Please restrict lines to 80 cols. My editor doesn't like longer lines. Also the stuff about #1190 is an implementation detail, and this log is primarily for users to see if they need to upgrade anything.
|
Apart from #3034 (comment) I think @larsmans would like most commits of this PR to be squashed and then we are good to go for merging this I think. |
|
Simplified I didn't touch it in I can tackle it in this PR if it adds sufficiently to consistency. |
|
Ok, it ended up being easy to make this work for |
|
@eickenberg do you need help for the squashing? Here is some doc: http://gitready.com/advanced/2009/02/10/squashing-commits-with-rebase.html |
… commit over around 20 commits to avoid failing tests
|
Thanks for that. I think it worked. @fabianp encouraged me through the sticky parts :) |
|
Looks good, for some reason travis did not pickup your new commit. I will run the tests on my box. If they pass I will merge. |
|
Yes, something is weird - I am not getting update emails anymore either (saw your comment 20h later), so probably some hooks aren't running? |
|
Hum the cause is a conflict in the whats new file as usual. I am on it. |
|
Ok, thanks! |
|
I forgot to say: thanks @eickenberg for the non-trivial fix! |
|
thanks for seeing it through with me :) @ogrisel @mblondel @larsmans @GaelVaroquaux @agramfort @fabianp On Thursday, April 17, 2014, Olivier Grisel notifications@github.com
|
|
You should add your name to the header next time. |
|
Indeed, please @eickenberg feel free to open a new PR for this and I will merge it right away. |
|
Haha OK I'll do that, because I love making pull requests! :) |
Hello everybody,
here is an enhancement to the ridge_regression function: Up until now, if sample_weight is given, the decision tree imposes a treatment in sample space, which can lead to Memory errors if the number of samples is large even though the number of features is small. See http://stackoverflow.com/questions/22766978/sklearn-ridge-and-sample-weight-gives-memory-error for an external issue on this.
All I added was the possibility to treat sample weights in _solve_dense_cholesky and not only in _solve_dense_cholesky_kernel.
I provide a batch of tests checking that the results of these two functions are the same given sample weights.
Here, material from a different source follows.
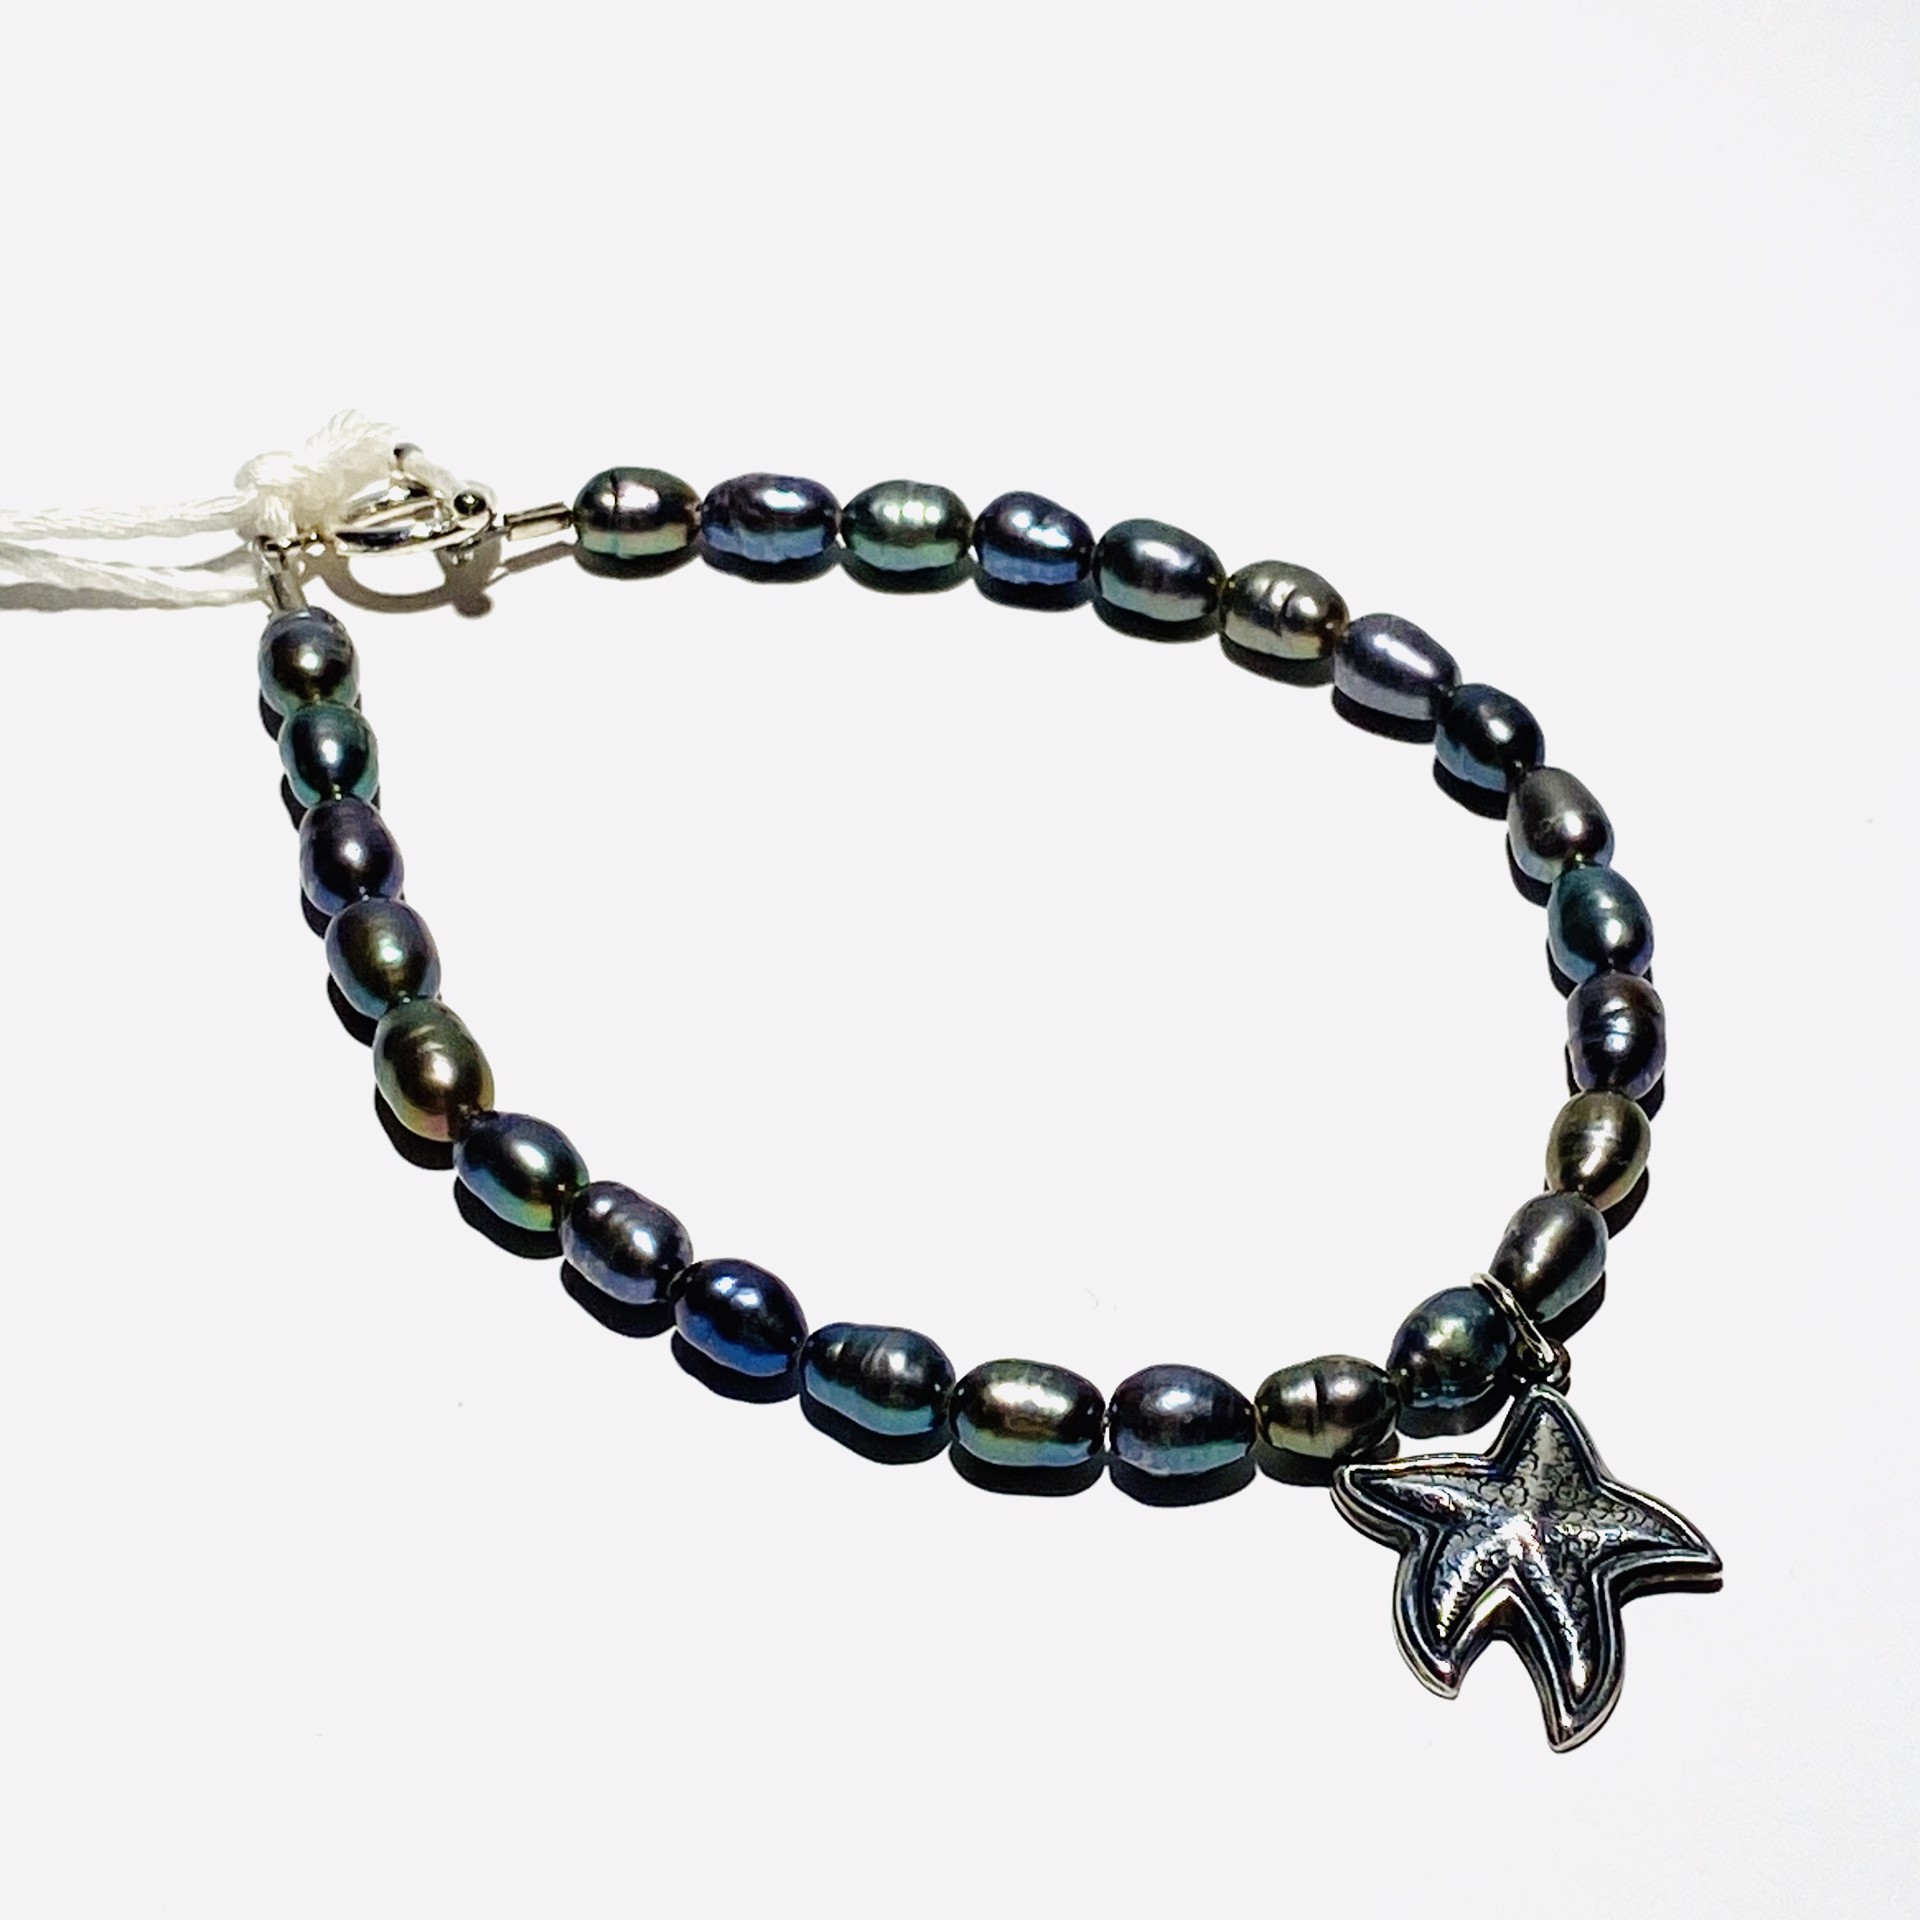 Peacock Pearl Bracelet starfish charm #2 by Nance Trueworthy

Further I provide a test to ensure that the correct branch is chose in ridge_regression (i.e. use _solve_dense_cholesky if n_samples > n_features even if there are sample weights). The way I implemented this is that it will cause a MemoryError if the wrong branch is taken. By TDD I made sure it fails first - now it passes. Please comment on this practice: Evidently in this current, corrected case, the MemoryError will not be raised, but if ever the branching is wrong, and the computer tested has 2TB of memory available, this test will no longer raise a MemoryError. If there are better ways of checking the right branching, please let me know.
PS: There are some inconsistencies in function signature default values: _solve_dense_cholesky_kernel has sample_weight=None as default, which will, if called directly, be interpreted as though sample_weights are actually present. This has never caused an error, because the public function ridge_regression always calls with sample_weight=1. if no sample weights are given. Should I correct this in the present PR or elsewhere?